* **Work required**
From the entries that follow, copy exactly the lines beginning at the line holding "Background wallpaper flowers" and continuing through the line holding "PLAK PRACTICAL Pianka".

* **Record extracts**
────────────────────────────────────────

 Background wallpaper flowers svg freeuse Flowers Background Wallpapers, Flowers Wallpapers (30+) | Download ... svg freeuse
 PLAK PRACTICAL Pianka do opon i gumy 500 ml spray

────────────────────────────────────────

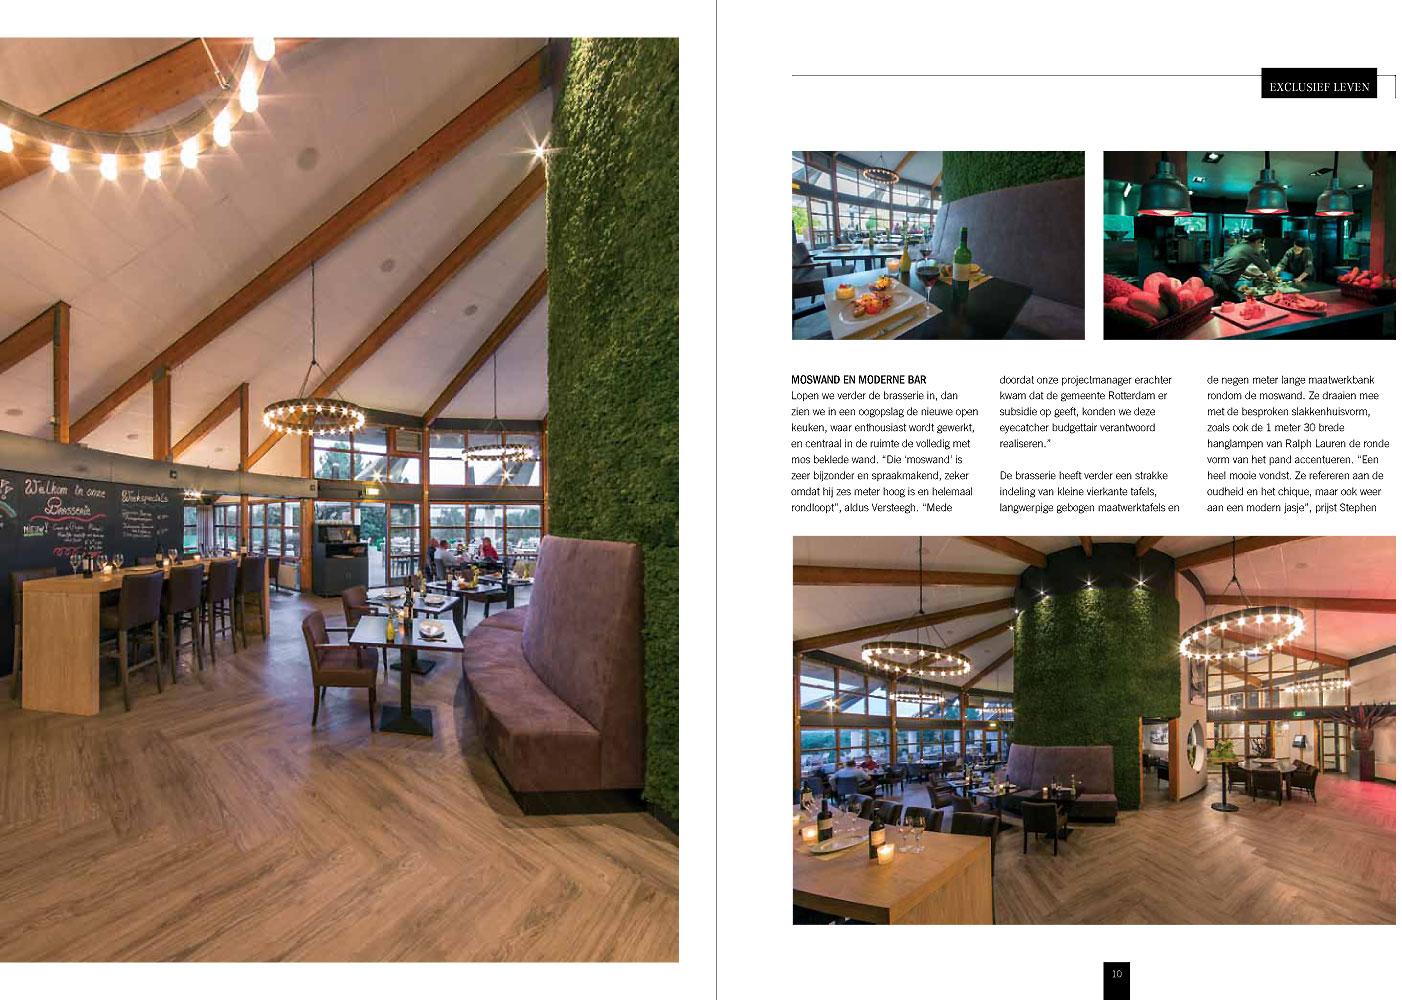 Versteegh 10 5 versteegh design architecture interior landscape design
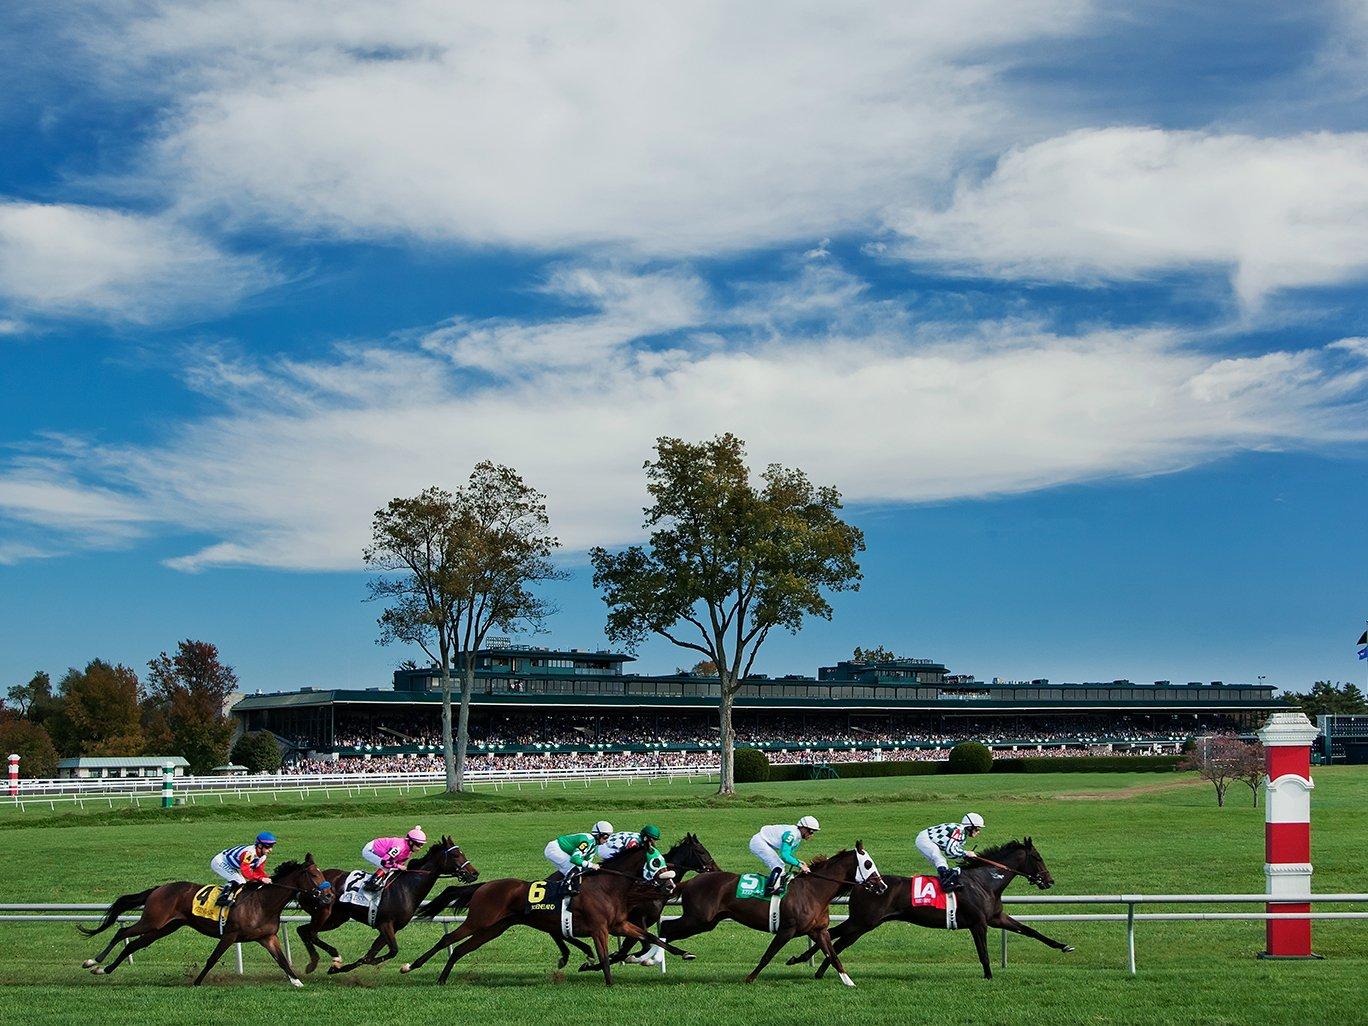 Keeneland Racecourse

────────────────────────────────────────

* **Output**
 Background wallpaper flowers svg freeuse Flowers Background Wallpapers, Flowers Wallpapers (30+) | Download ... svg freeuse
 PLAK PRACTICAL Pianka do opon i gumy 500 ml spray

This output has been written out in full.